At the same time, Mignola is currently returning to a leftover thread from the Fegredo stories with a new miniseries, Koschei the Deathless. The five-issue comic tells the backstory of the titular warrior, a figure from Russian myth who became immortal by hiding his soul inside an egg inside a duck inside a rabbit inside a goat. The witch Baba Yaga employed Koschei to attack Hellboy in Darkness Calls, but Mignola says he felt there were still some stories left to tell with the character. Even though Mignola has wound down his comics work as Hellboy’s story reaches its grand finale, this was one of the remaining stories he wanted to tell, alongside artist Ben Stenbeck.
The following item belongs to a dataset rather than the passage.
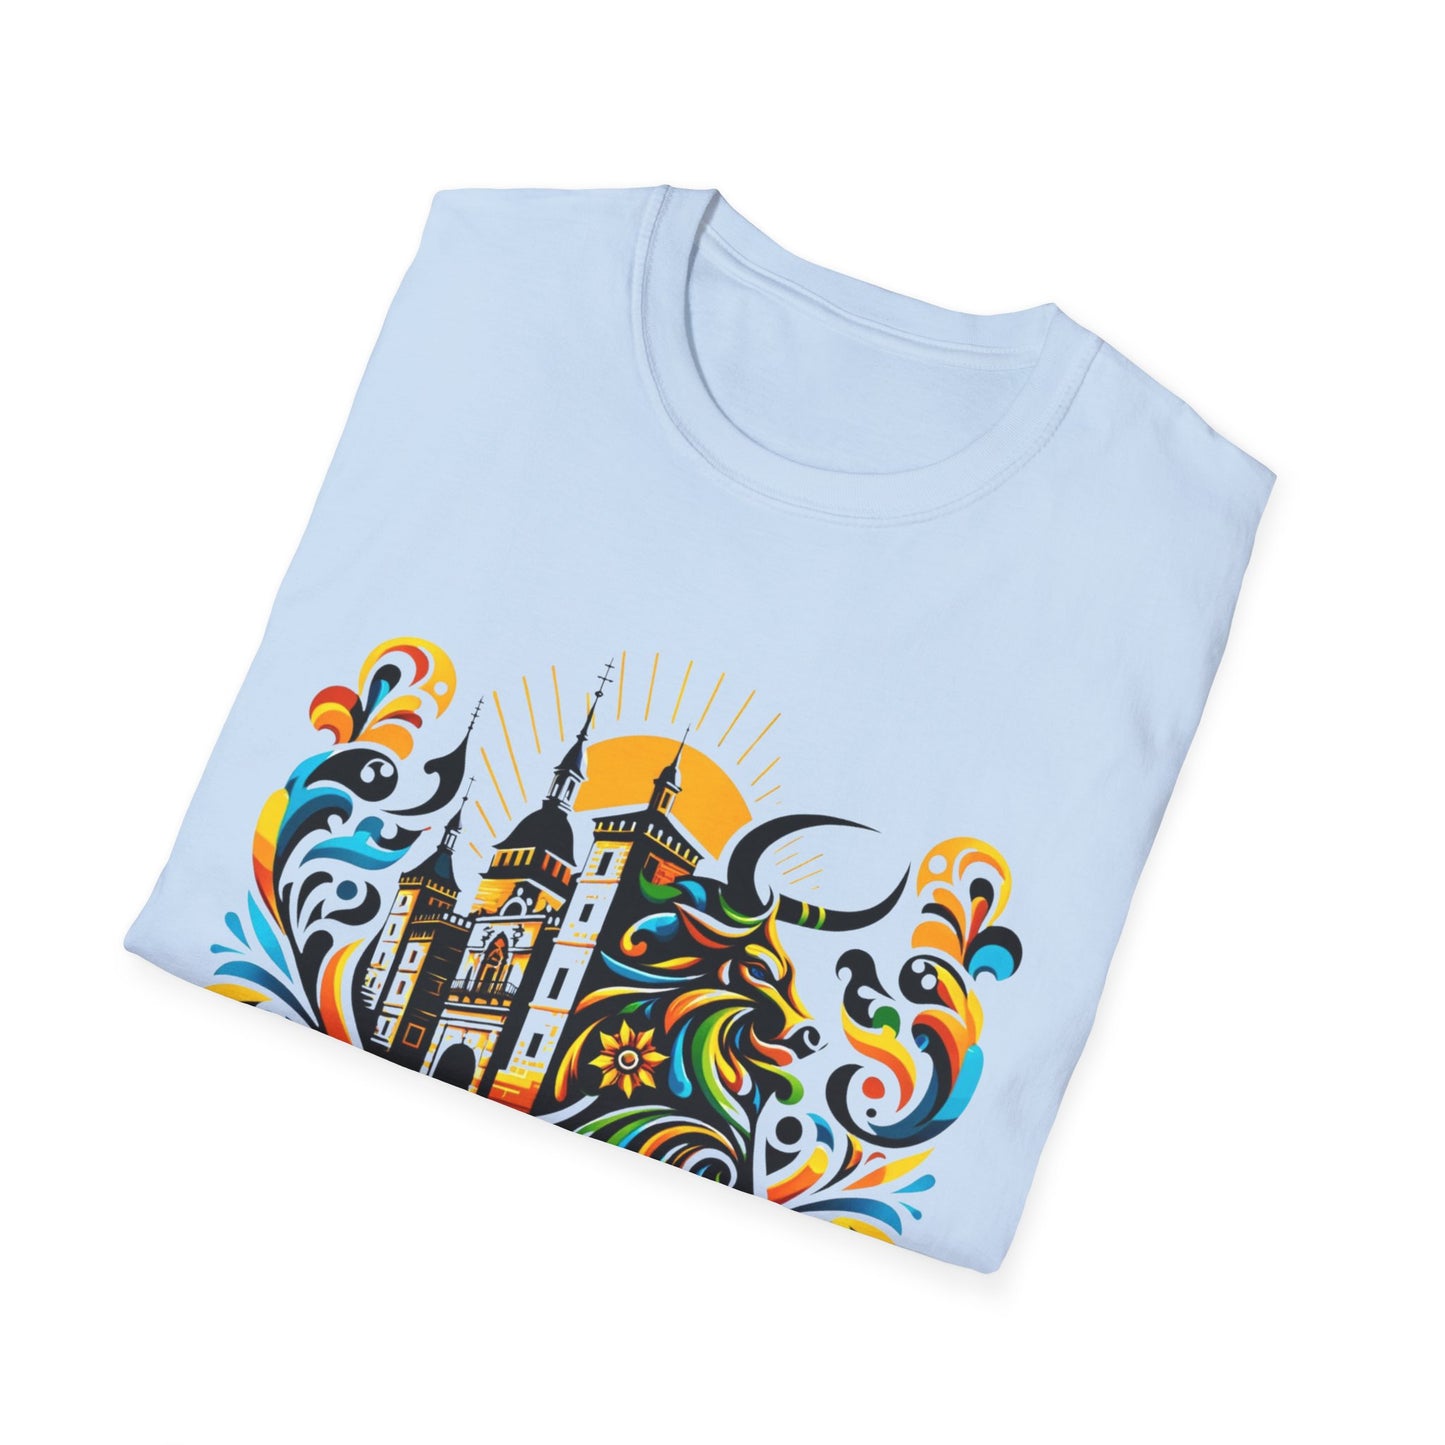 El arte se encuentra con el estilo: diseño de camiseta inspirado en Alcañiz

“The Koshchei miniseries came about because I had done the origin for this guy, but there were so many other Russian folktales I wanted to weave in,” Mignola says. “In Darkness Calls, there are a couple throwaway bits. While Koshchei is fighting Hellboy, there are a couple skeletons on a hillside who say ‘I was with Koshchei when he fought the Nightingale’ and ‘I was with Koshchei when he went into the mountains to fight a dragon.’ So I always knew, well that’s at least two stories I have to tell. Of course, it turns out both those guys were lying because they weren’t there when those things happened.”

Koschei the Deathless #3 is on stands this week. Marshall’s Hellboy movie is currently set for a January 2019 release.